Minimax Estimation of Large Precision Matrices with Bandable Cholesky Factor

TL;DR

This paper develops minimax optimal estimation methods for large precision matrices with bandable Cholesky factors, revealing fundamental differences under operator and Frobenius norms, with practical procedures and theoretical guarantees.

Contribution

It introduces the first minimax theory for bandable precision matrices, proposing new estimation procedures and uncovering norm-dependent fundamental differences.

Findings

Optimal rates of convergence under both norms are established.

Two new estimation procedures are proposed for different norms.

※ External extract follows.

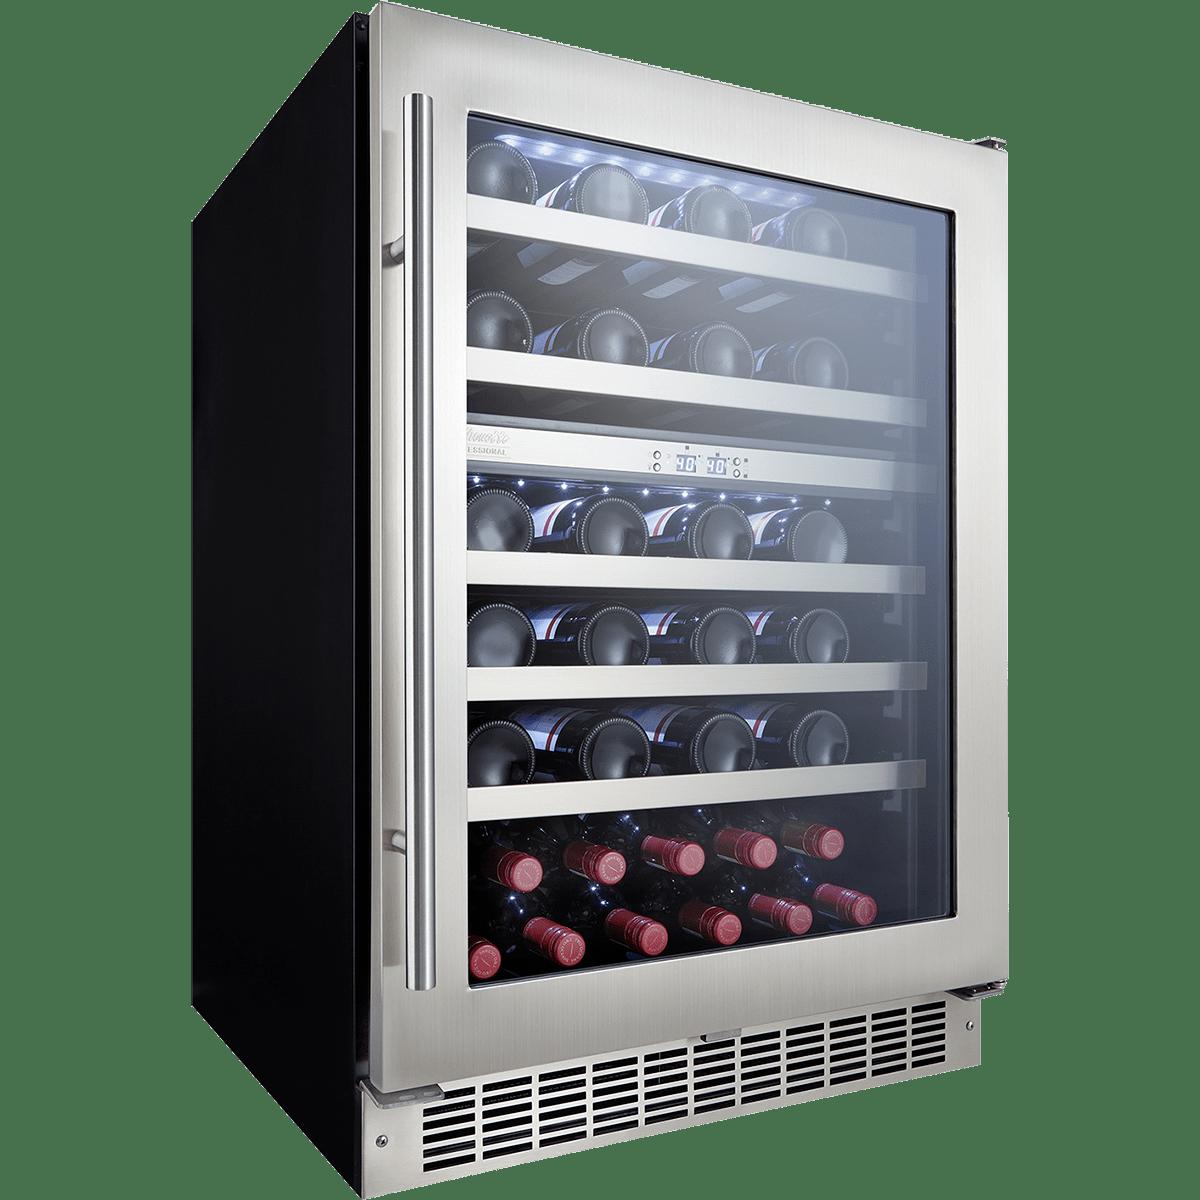 Silhouette Dwc053d1bsspr Sonoma 51 Bottle Wine Cooler
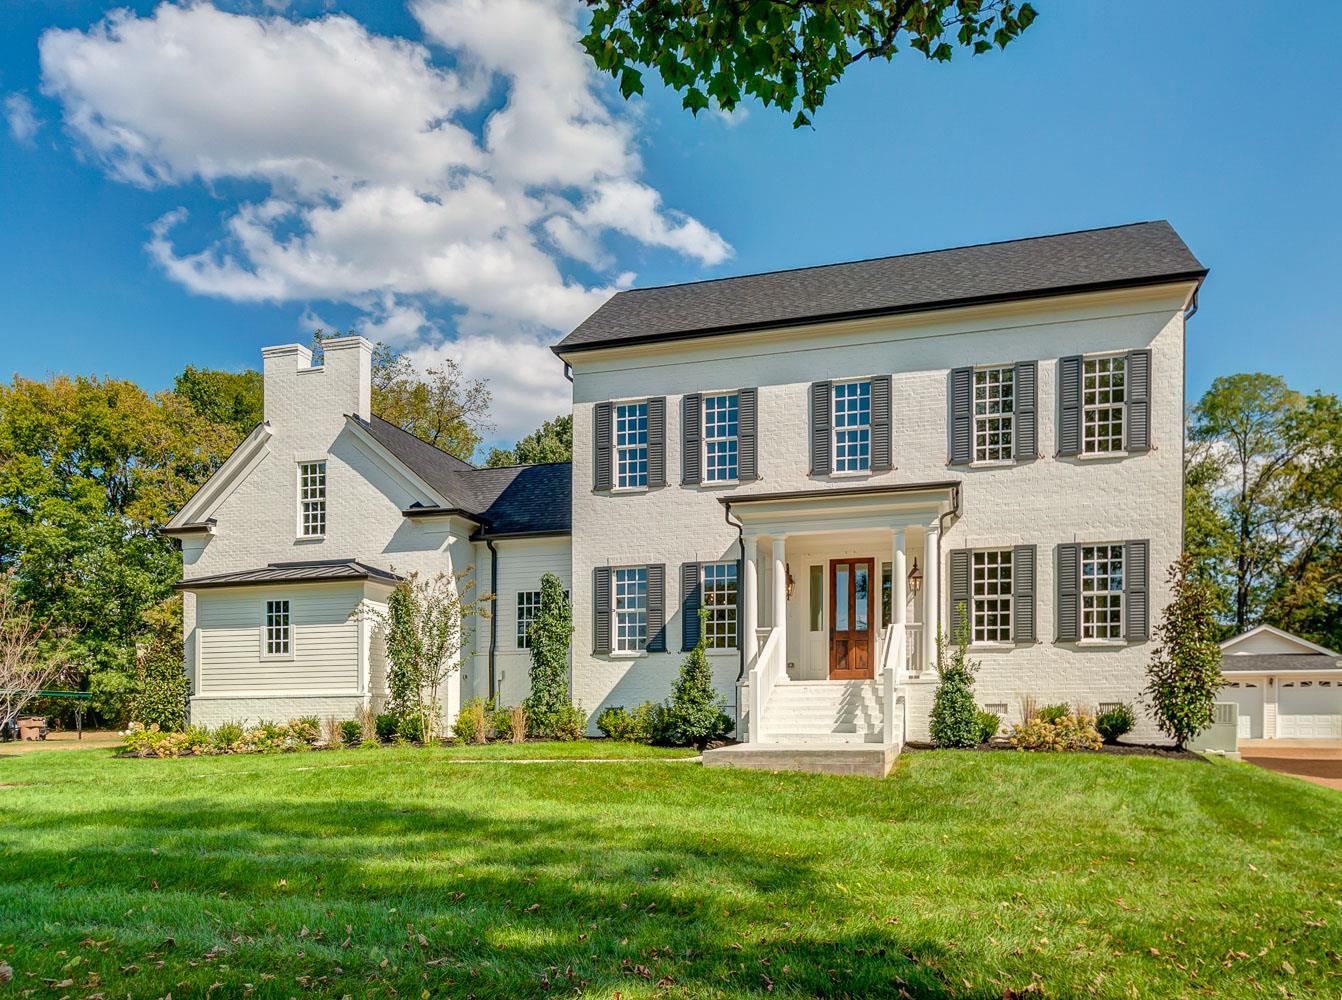 606 Estes Rd, Nashville, TN 37215 - Nashville, TN real estate listing

Numerical studies confirm theoretical results.

Abstract

Last decade witnesses significant methodological and theoretical advances in estimating large precision matrices. In particular, there are scientific applications such as longitudinal data, meteorology and spectroscopy in which the ordering of the variables can be interpreted through a bandable structure on the Cholesky factor of the precision matrix. However, the minimax theory has still been largely unknown, as opposed to the well established minimax results over the corresponding bandable covariance matrices. In this paper, we focus on two commonly used types of parameter spaces, and develop the optimal rates of convergence under both the operator norm and the Frobenius norm. A striking phenomenon is found: two types of parameter spaces are fundamentally different under the operator norm but enjoy the same rate optimality under the Frobenius norm, which is in sharp contrast to the equivalence of corresponding two types of bandable covariance matrices under both norms. This fundamental difference is established by carefully constructing the corresponding minimax lower bounds. Two new estimation procedures are developed: for the operator norm, our optimal procedure is based on a novel local cropping estimator targeting on all principle submatrices of the precision matrix while for the Frobenius norm, our optimal procedure relies on a delicate regression-based thresholding rule. Lepski's method is considered to achieve optimal adaptation. We further establish rate optimality in the nonparanormal model. Numerical studies are carried out to confirm our theoretical findings.